Instead of going with a heavier weight head, you can add weights to the rear of your inserts.  All you do is pull the nocks out and use a long rod with the correct size allen wrench to screw the weights into the back of the insert.  This is, of course, assuming you already have built arrows.  If you are building from scratch, you can simply add the weights to the inserts before gluing them in the shaft.

I have added not only brass inserts for durability and for added weight, but also a 20 grain weight to the rear of the insert.

42 grain brass insert plus 20 grain weight plus a 100 grain head gives me 162 grains up front.  My Zombie Slayer arrows are 8 gpi and with firenocks, blazers and a wrap, mine come in at 430 grains with 16% foc.

I did this simply because there are more broadhead options in 100 grain weight than anything else.  I like to try 2 to 3 different broadheads per year and this just works for my situation.

I've always felt 380 - 420 at 12 - 14% foc and running over 270 is great whitetail medicine.  I can get more than that at 65# and that's why I don't shoot more poundage than I do.


----------



## edsebring (Aug 21, 2015)

Where do I get these weights and I think the back of my insert is solid could I just use a drop of epoxy on the weight and slide it down the shaft to glue it in place?


----------



## Ihunt (Aug 21, 2015)

edsebring said:


> Where do I get these weights and I think the back of my insert is solid could I just use a drop of epoxy on the weight and slide it down the shaft to glue it in place?

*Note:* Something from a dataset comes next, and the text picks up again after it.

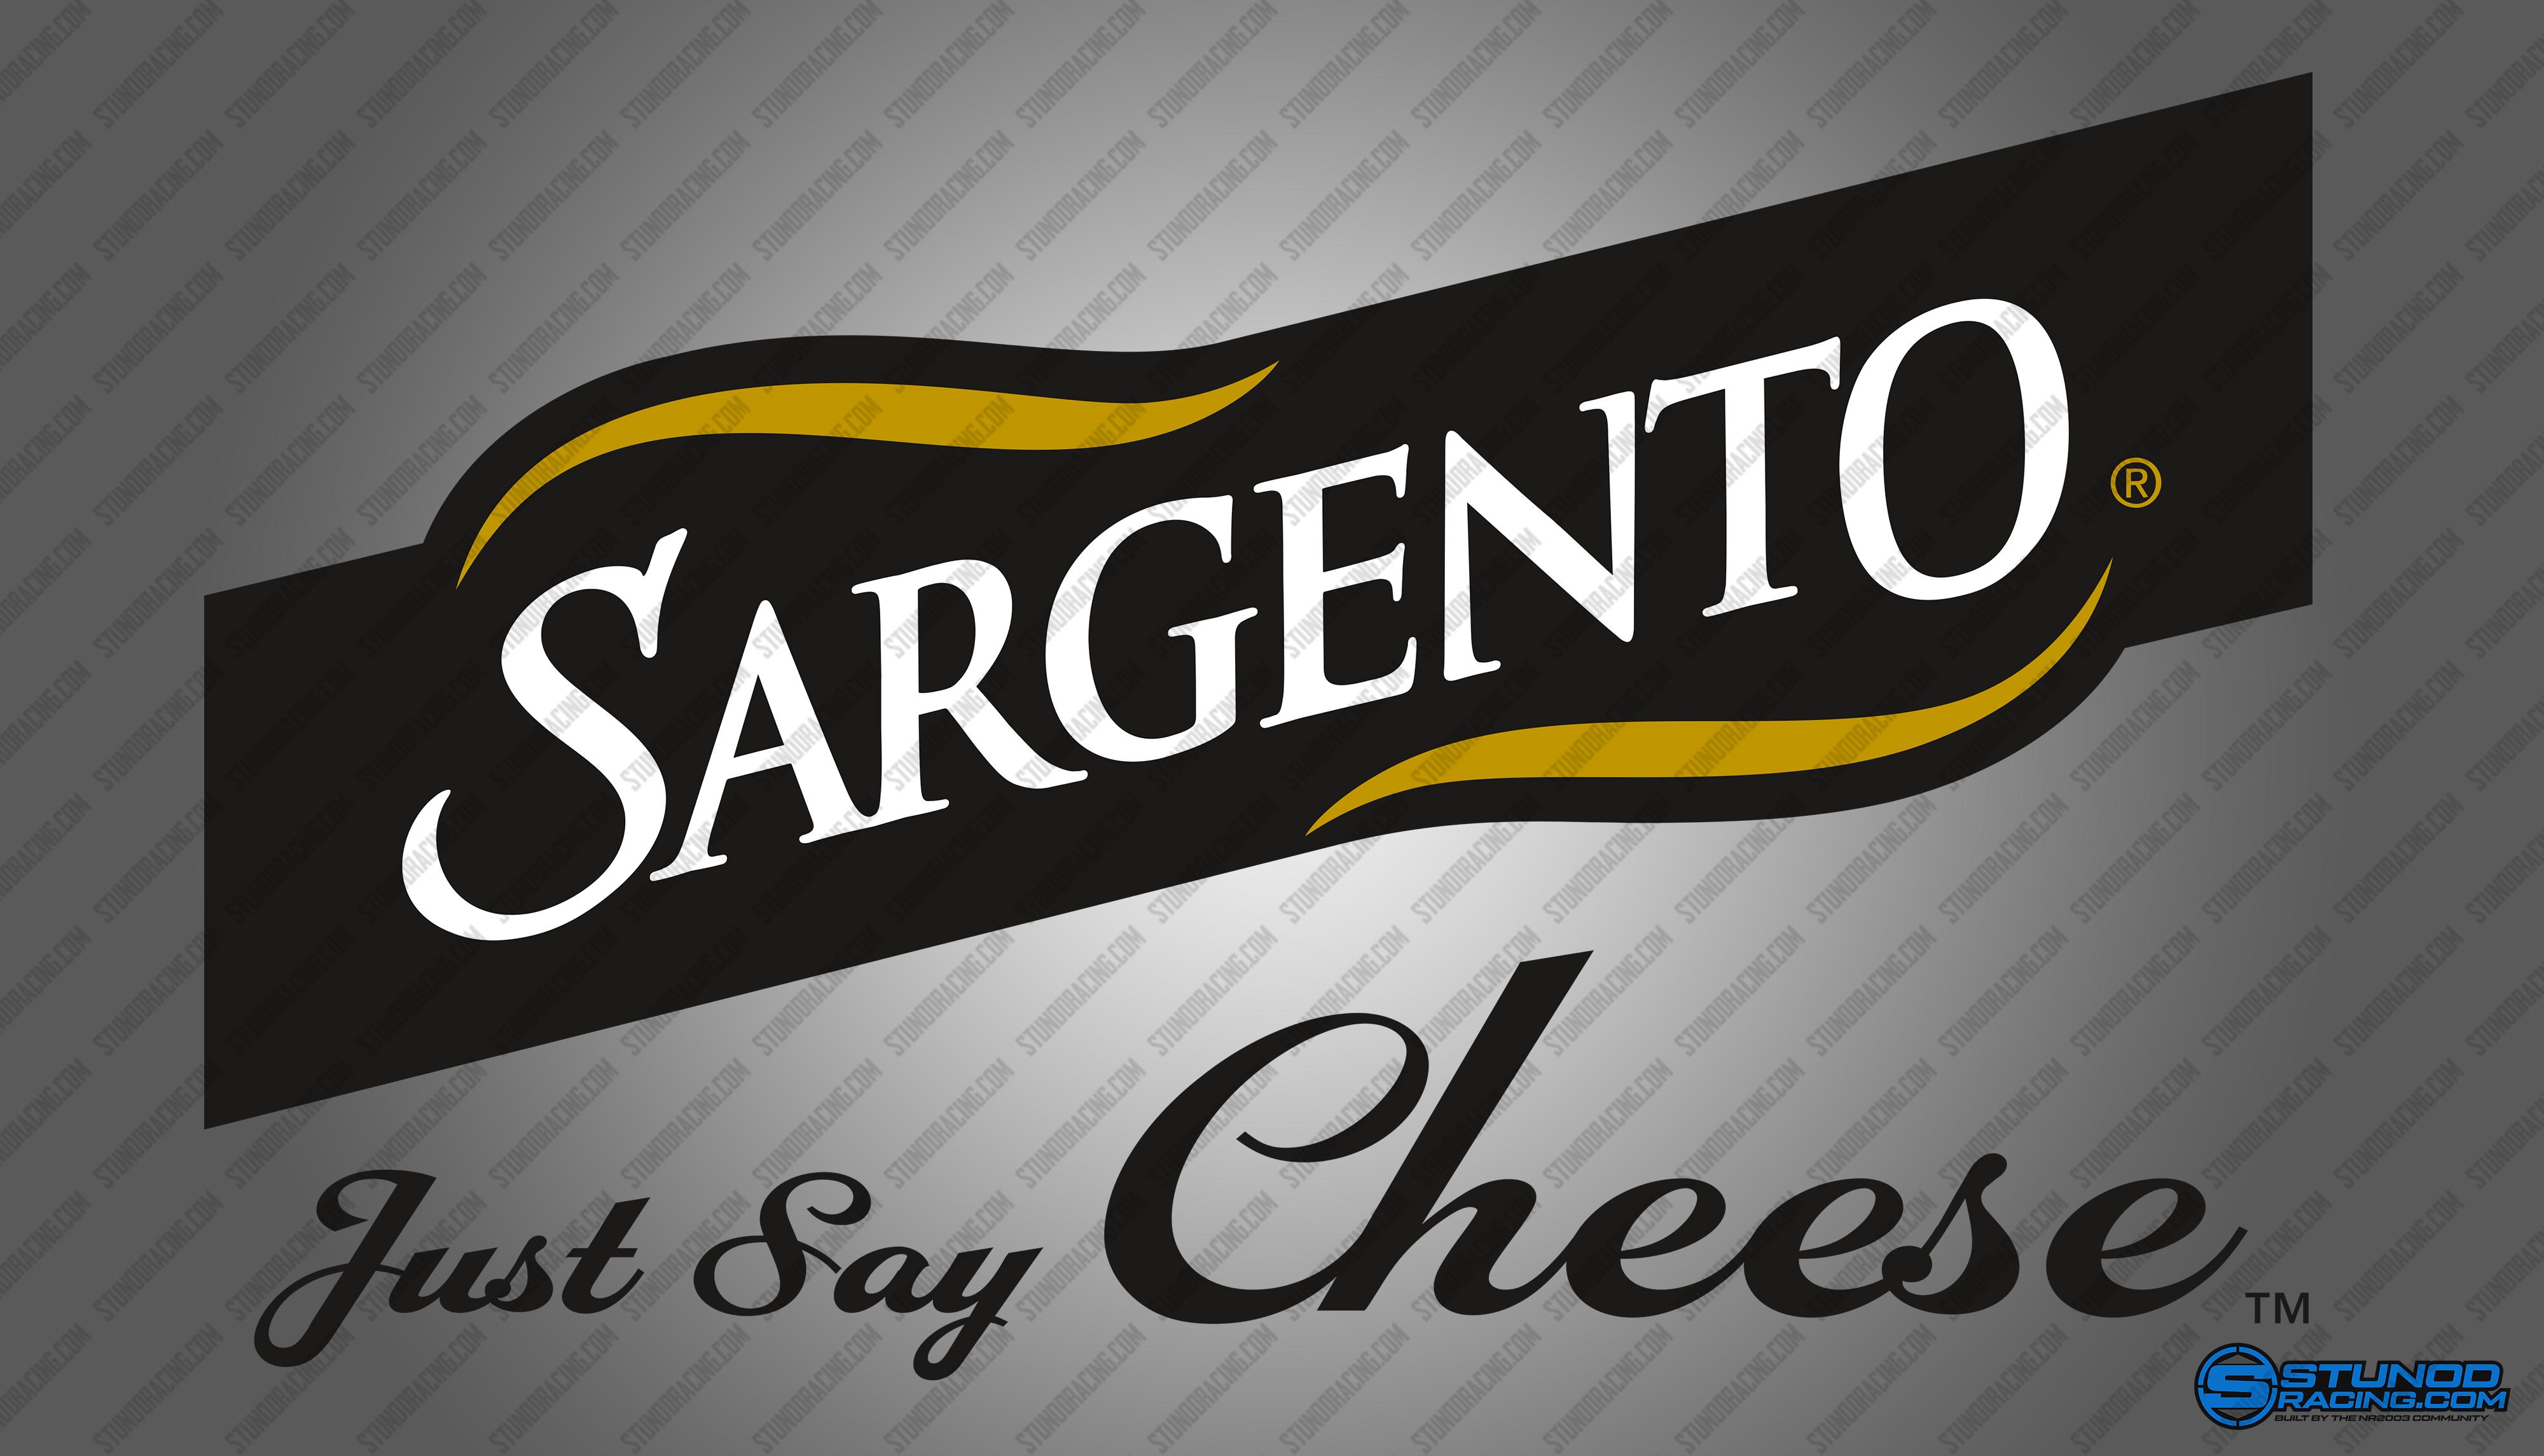 StunodRacing_Sargento_Logo.jpg

Three Rivers Archery has about anything you want in regards to building a heavy arrow.


----------



## pasinthrough (Aug 21, 2015)

edsebring said:


> Where do I get these weights and I think the back of my insert is solid could I just use a drop of epoxy on the weight and slide it down the shaft to glue it in place?



Lancaster has pdp weights and the tool for installing them.  I guess you could use epoxy, but I think it would be messy.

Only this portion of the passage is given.